QUEENSBERRY
Has a Maul With His Son in Piccadilly.
BOTH ARRESTED
And Will Appear in a Small Ring at Marlborough-street.

The Marquis of Queensberry said his son, Lord Douglas of Hawick, met in Piccadilly yesterday evening, and fought, creating a scene which cannot be regarded otherwise than as one of the most disgraceful episodes of the unsavoury history surrounding the lamentable changes for which Oscar Wilde enters on his trial again at the the Old Bailey to-day.

The marquis was returning to his hotel in Albemarle-street from the Old Bailey, where he had sat all the afternoon waiting the verdict of Guilty declared against Wilde’s ex-associate, Taylor. At the bottom of Old Bond-street, in Piccadilly, Lord Douglas of Hawick, who, with the Rev. Stewart Headlam, is a bailee for Wilde, met the marquis and accosted him with a remark which was afterwards repeated to the crowding spectators of the quarrel as follows:

"Ever since I became bail for Mr. Wilde, that man (the marquis) has persisted in sending letters to my wife. I wrote to him and told him to desist, but he has continued his persecution. I had no option but to thrash him as soon as I met him."

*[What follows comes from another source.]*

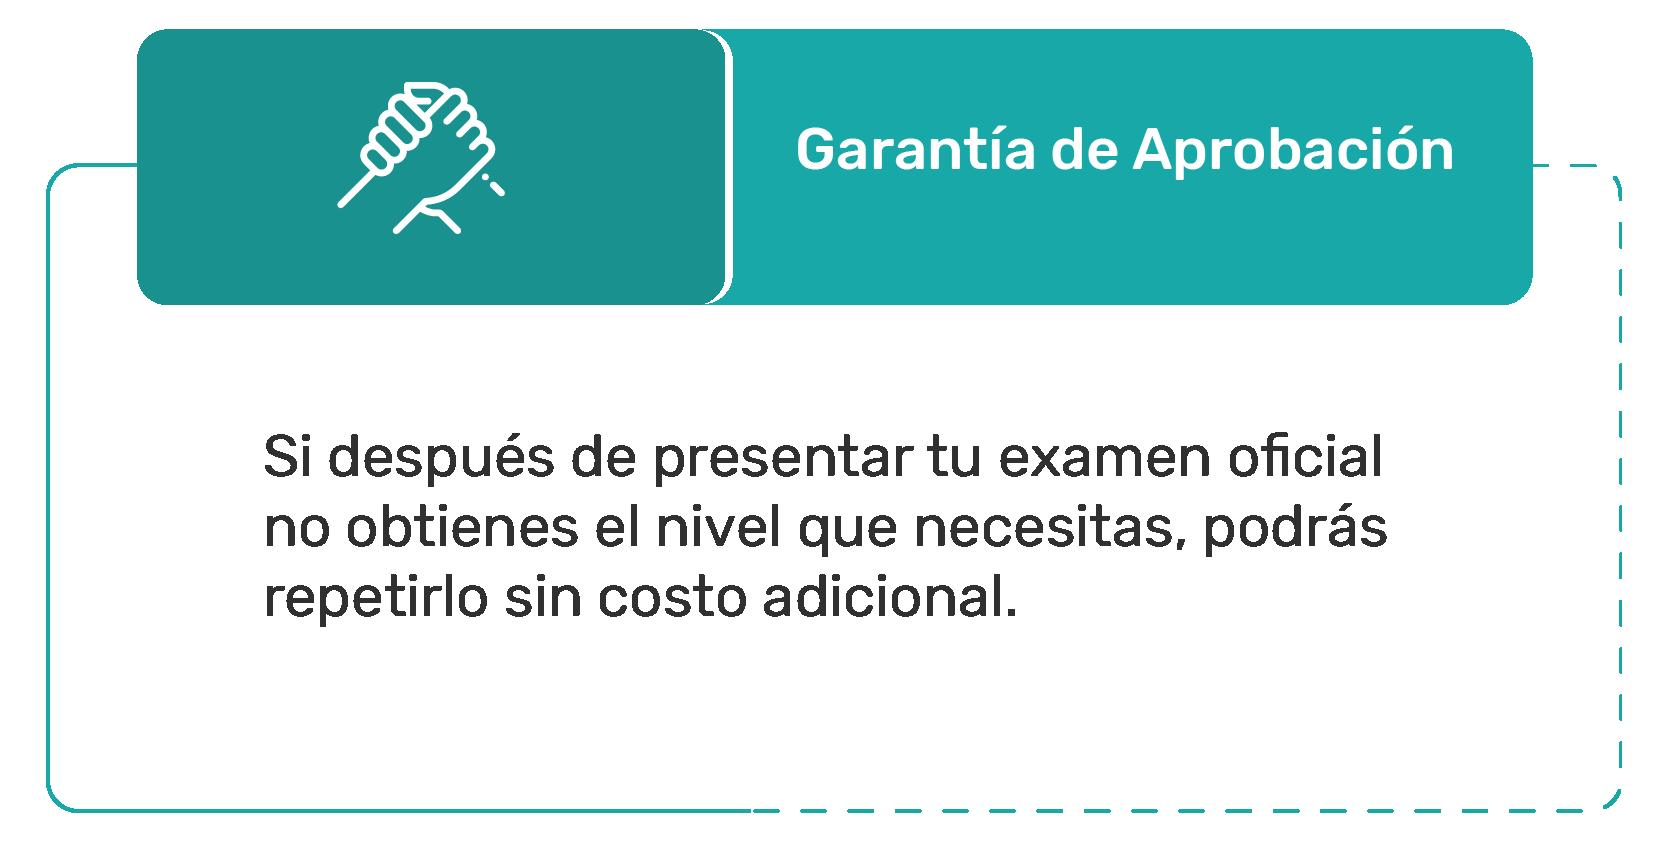 garantia aprobacion-19.png

The father is said to have cried out that he would "Fight his son for £10,000 in any part of the country, but not in Piccadilly." Fight they did, however, and the people round, making the mistake of imagining the young man to be Lord Alfred Douglas, cheered and applauded the marquis. In the struggle the father had HIS HAT SMASHED, and the son one of his eyes blackened. Onlookers cheered and cried out to incite the combatants in their hateful attacks on each other, and the whole business was treated as a great joke.

It is impossible, however, to speak of the scene with levity. The noble marquis and his son were taken by the police to Vine-street Police-station, followed by a howling mob. On the way to the police-station Lord Douglas is reported to have said, "I’m Lord Douglas of Hawick, son of the Marquis of Queensberry, and that’s my father."

To which the marquis replied, "That’s my son, Lord Douglas of Hawick, and I’ll fight him anywhere in the three kingdoms for £10,000."

Father and son were charged before the police inspector on duty with "disorderly conduct and fighting in Piccadilly, in the parish of St. George’s." They were released on their own bail, to surrender for trial at the Marlborough-street Police-station this morning.

The communication sent to Lady Douglas of Hawick, which gave rise to the quarrel, is said to be a cutting from one of the weekly illustrated newspapers containing a picture of the antediluvian reptile "the Iguanadon," with the words written beneath the picture. "This is Oscar Wilde’s ancestor." The marquis seems to have thought this was a good joke.